La ciencia estuvo fantástica. El problema no es la ciencia, que se puso a trabajar en proyectos de vacunas apenas unas pocas semanas después de que investigadores chinos secuenciaran el genoma del virus. Fue en enero y con eso alcanzó como guía para avanzar. El tema son las consecuencias económicas que tenemos en este mundo globalizado. Esta es la primera pandemia real en mucho tiempo. Si bien la gripe de 2009 fue pandémica, una gripe nunca es totalmente nueva, siempre hay algo de inmunidad de otras gripes. La epidemia anterior fue la del VIH-Sida, pero se pudo limitar la diseminación con un cambio de conducta; en este caso no se puede dejar de respirar? Por eso diría que esta es la primera pandemia totalmente nueva desde el siglo XVII. Es toda una experiencia de aprendizaje sobre qué tan vulnerables somos también en lo económico y lo social.

Le planteo un ejercicio más o menos imaginario: ¿cómo cree que será el mundo dentro de un año, en julio de 2021?

Espero que tengamos vacunas ampliamente distribuidas, que se cumpla el compromiso de las Naciones Unidas, que sean a bajo costo y que los países que no puedan pagarlas igual las consigan. En particular la Fundación de Bill y Melinda Gates está haciendo un buen trabajo al respecto.

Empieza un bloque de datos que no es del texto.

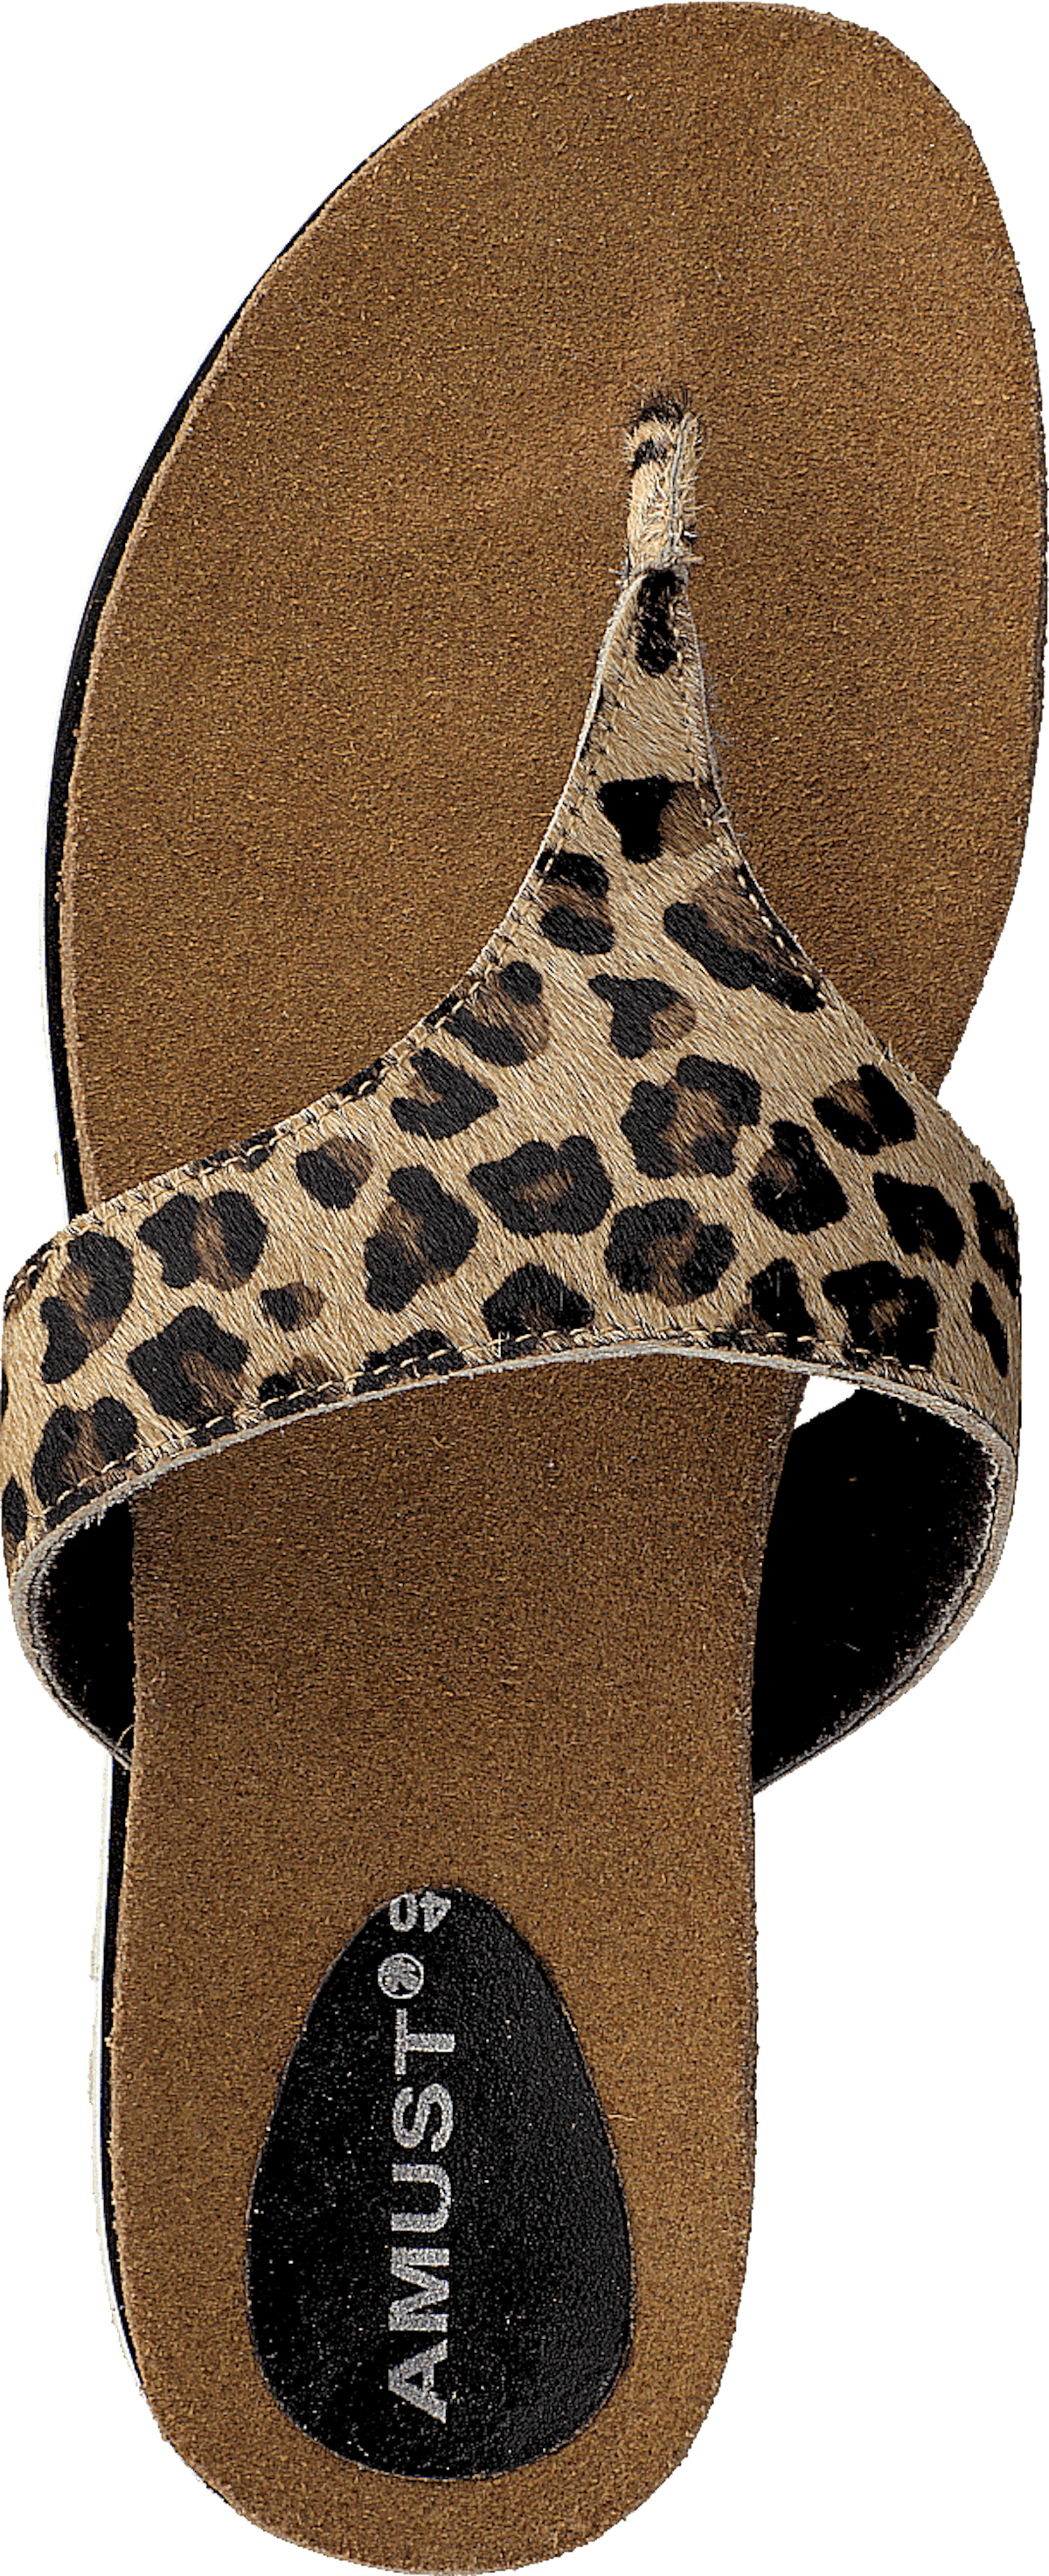 Animal sandal Leopard

En países como Australia, donde mantuvimos todo bajo control con el cierre de la llegada de aviones y una cuarentena estricta, estaremos quizá en posición de volver a la normalidad antes de que todos estén vacunados, ojalá durante la primera parte del año próximo.

Habrá mucho que reconstruir.

Espero que todos los países reflexionen. Uno de los aspectos a cambiar es que vivimos en un mundo muy injusto. Necesitamos pensar en cómo cambiar eso y reconstruir y mejorar las agencias internacionales. Claramente, tenemos que sacarnos de encima el liderazgo actual de Estados Unidos, que no quiere ser parte de este esfuerzo. Y si no, tendremos que seguir adelante sin ellos, habrá que ignorarlos.

¿Es optimista?

Creo que hay intentar hacer lo mejor posible. En el largo plazo, encaramos una serie de desafíos más peligrosos que el virus, como el cambio climático y la pérdida de biodiversidad. Mi país ha hecho mucho dinero con los combustibles fósiles y sería un terrible error si seguimos haciéndolo. Hay que parar. Hay que pensar en el largo plazo. Pero dudo que los sistemas políticos estén en condiciones de hacerlo. La única manera es que los jóvenes tomen el control, porque ellos entienden lo que pasa y sienten que su futuro está siendo amenazado. Y que hay que sacar al mundo de la codicia y la criminalidad de los que lo llevaron hasta acá.

¿Cree, como otros, que en el fondo esta es una crisis ambiental?

Parcialmente lo es, debido al enorme tamaño de la población, al hambre y a la cada vez más grande explotación de áreas remotas, como selvas y junglas. Por ahora los virus peligrosos vienen de China, pero podrían venir de América del Sur si se destruyen las selvas. La ciencia y las alarmas están ahí. Desde 2000 este es el tercer coronavirus infeccioso después del SARS y el MERS, que eran mucho más mortales. El Covid-19 es mortal en quizás 1% o menos, contra el 10% (SARS) y el 30% (MERS). Es el tercer virus de murciélagos que pasa a humanos en veinte años y tuvimos además la gripe A de un cerdo. Con los viajes internacionales masivos y cruceros, que básicamente son incubadoras de enfermedades infecciosas, estamos generando las condiciones para estas pandemias.